Our Winter 2014-15 Issue is Now Available!

3D-cover-winter201415We are elated to announce that our staff-edited Winter 2014-15 Issue is available for purchase! Each year, two of our three issues are guest-edited by prominent writers who explore different personal visions, aesthetics, and literary circles, while the Winter Issue staff-edited.

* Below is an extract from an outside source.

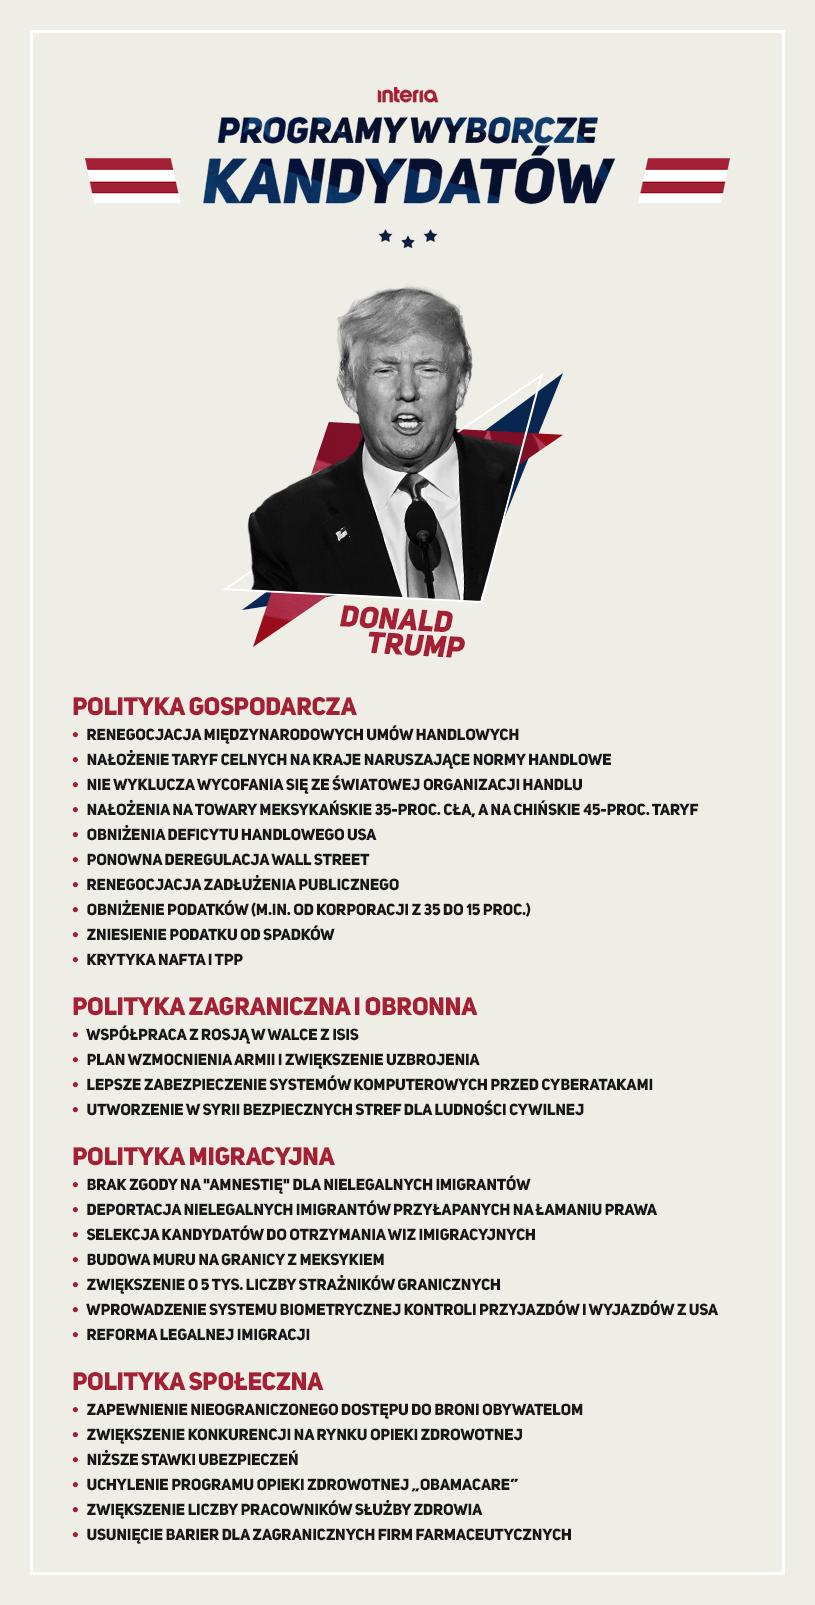 Lista obietnic Donalda Trumpa /INTERIA.PL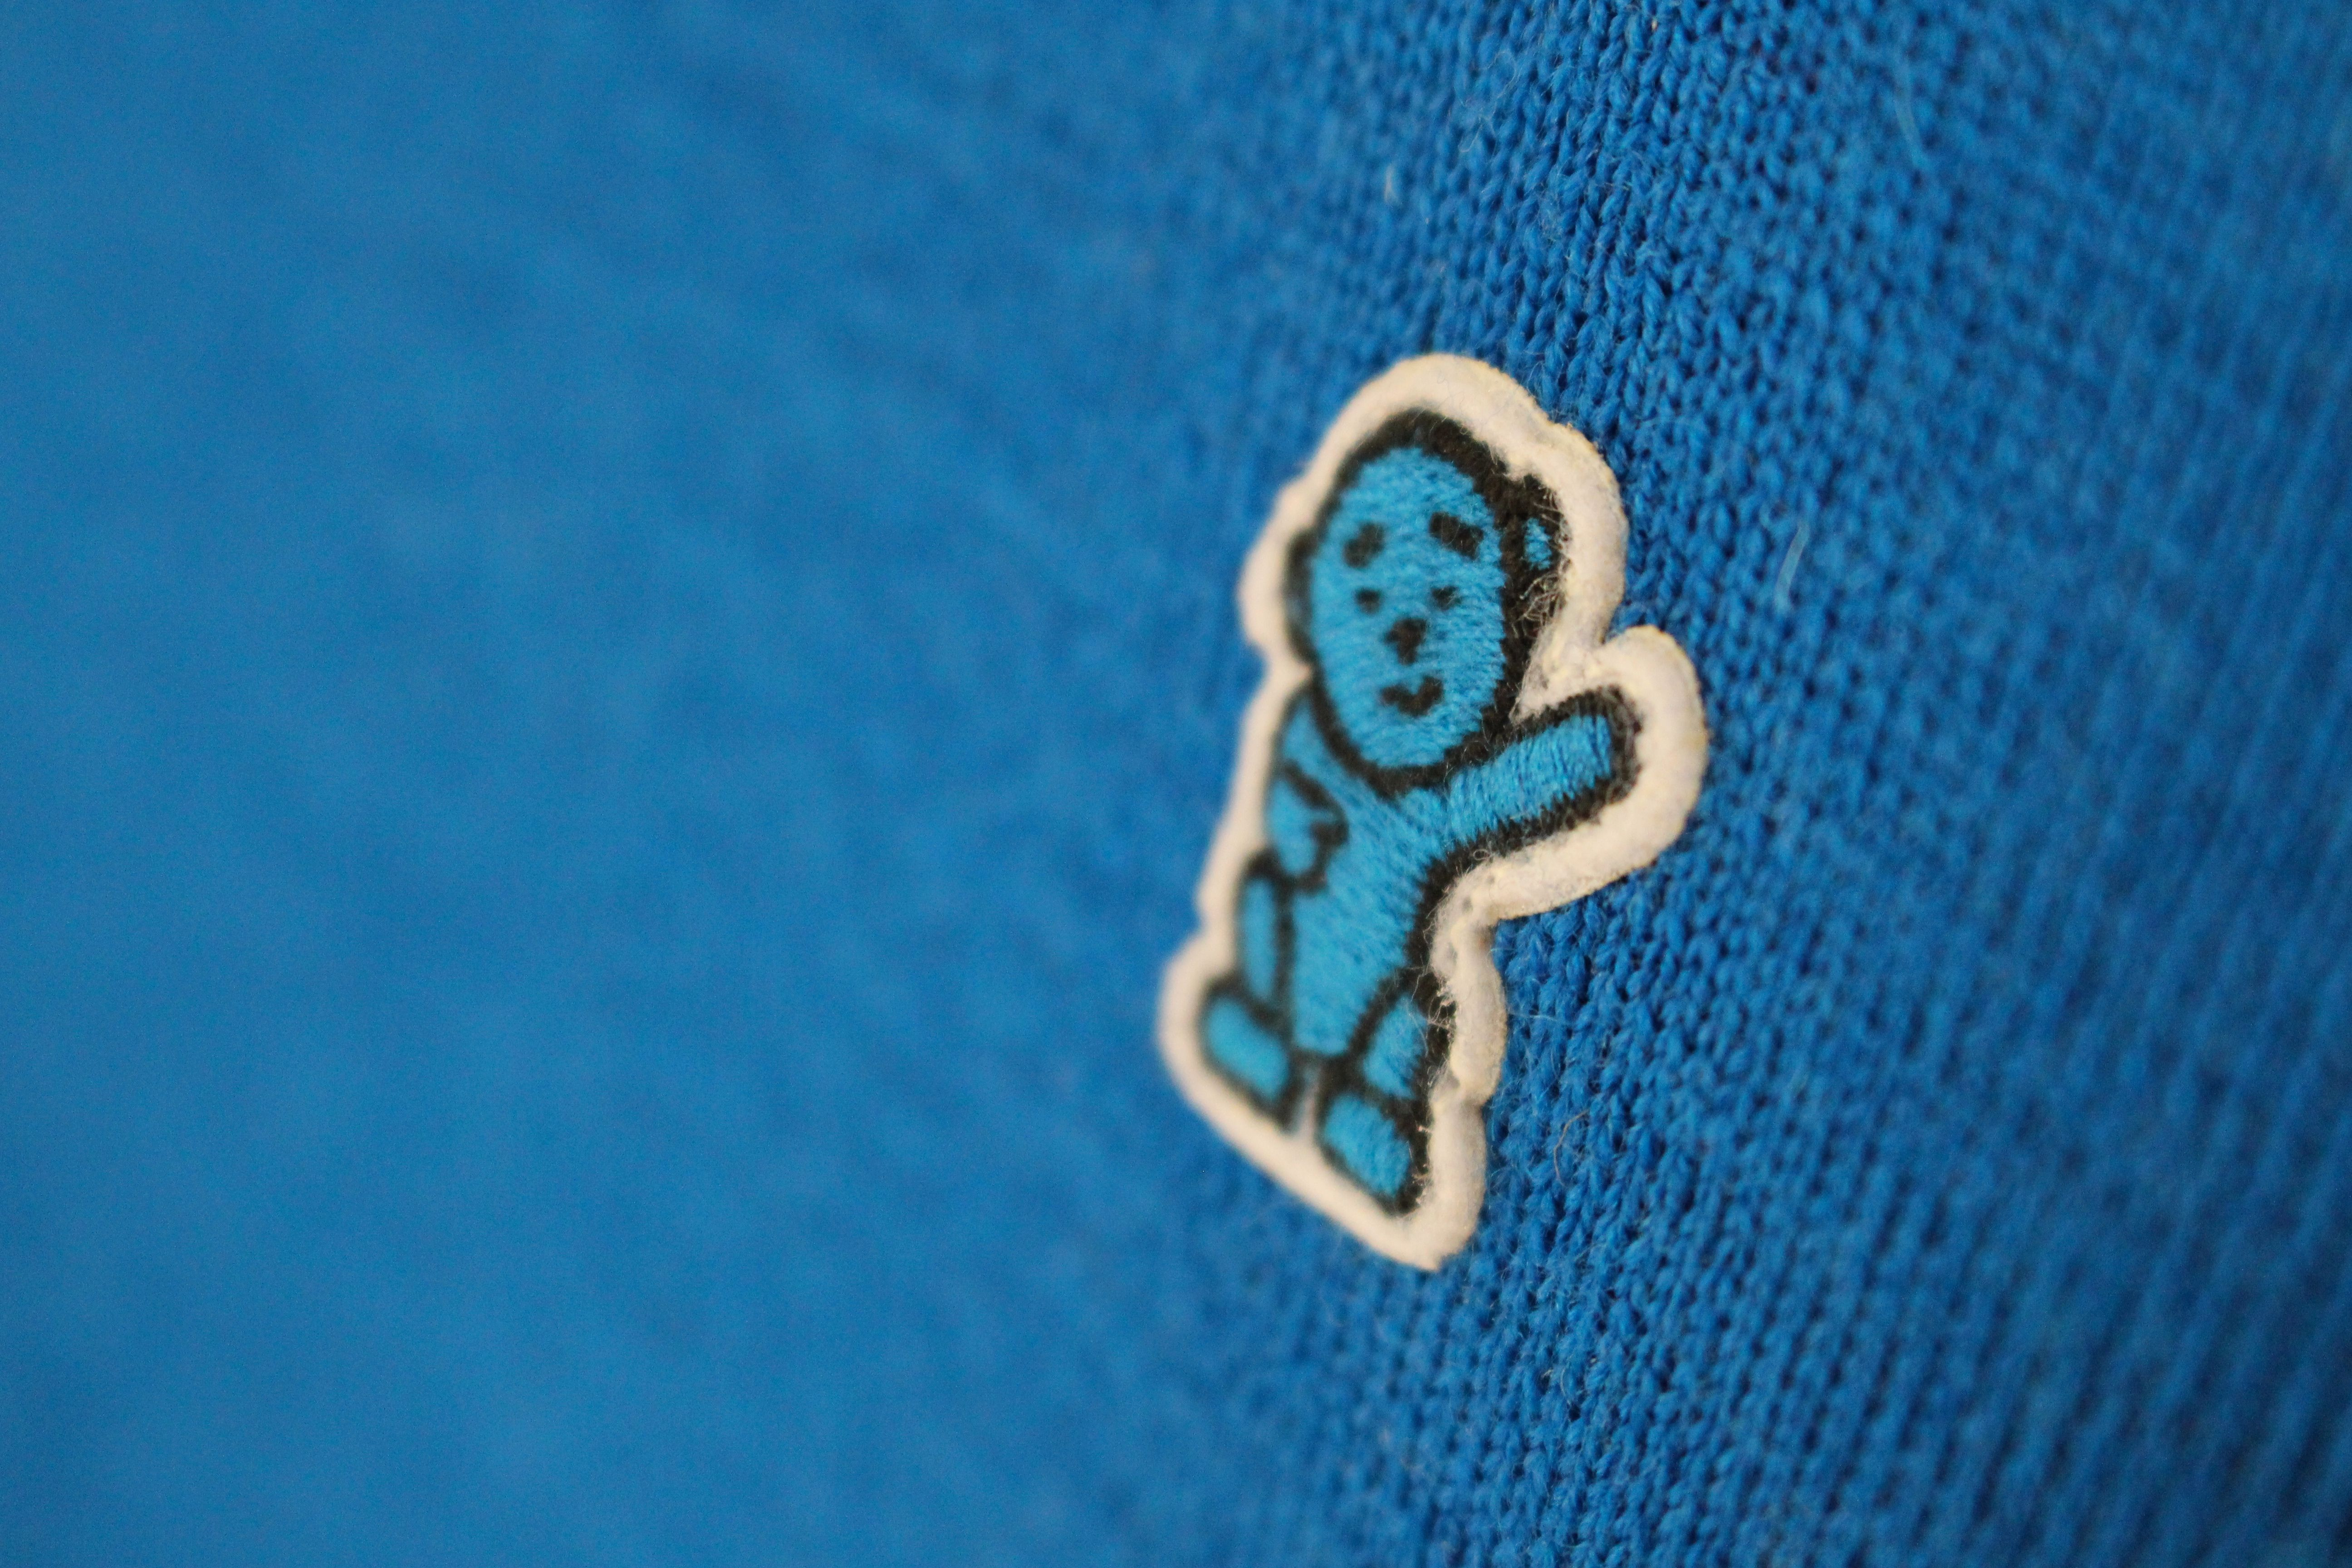 Pulls Montant  #pullsmontant #montant #pulls #vintage #ski #look #fashion #aprèsski #esf #bleu #blue

The Winter Issue of Ploughshares features a diverse collection of poems, essays, and stories. The prose ranges from surreal humor–David Cameron’s “Mannequin,” about a man’s relationship with a life-size doll he buys to use the HOV lane–to tragedy, in Lisa Gruenberg’s essay on the experiences of her Viennese father and his family during the Holocaust. Sherrie Flick’s Plan B essay looks at the joy and rage of gardening, and Nancy Kang and Silvio Torres-Saillaint write an appreciation of the Dominican-American poet Rhina P. Espaillat.

The Winter Issue also features poetry by Philip Levine, Sherod Santos, Nalini Jones, Laurie Sewall, and Gary Young; an interview with Zacharis Award winner Roger Reeves; and work by the winners of our annual Emerging Writer’s Contest.

If you would like to read our Winter issue, and you aren’t already a subscriber, subscribe to Ploughshares today! You’ll get great reads, ideas for your own writing, and the ability to submit your work to us for free!

This issue is also available for Amazon Kindle.

You can purchase single copies of our issues or subscribe by visiting our website: www.pshares.org.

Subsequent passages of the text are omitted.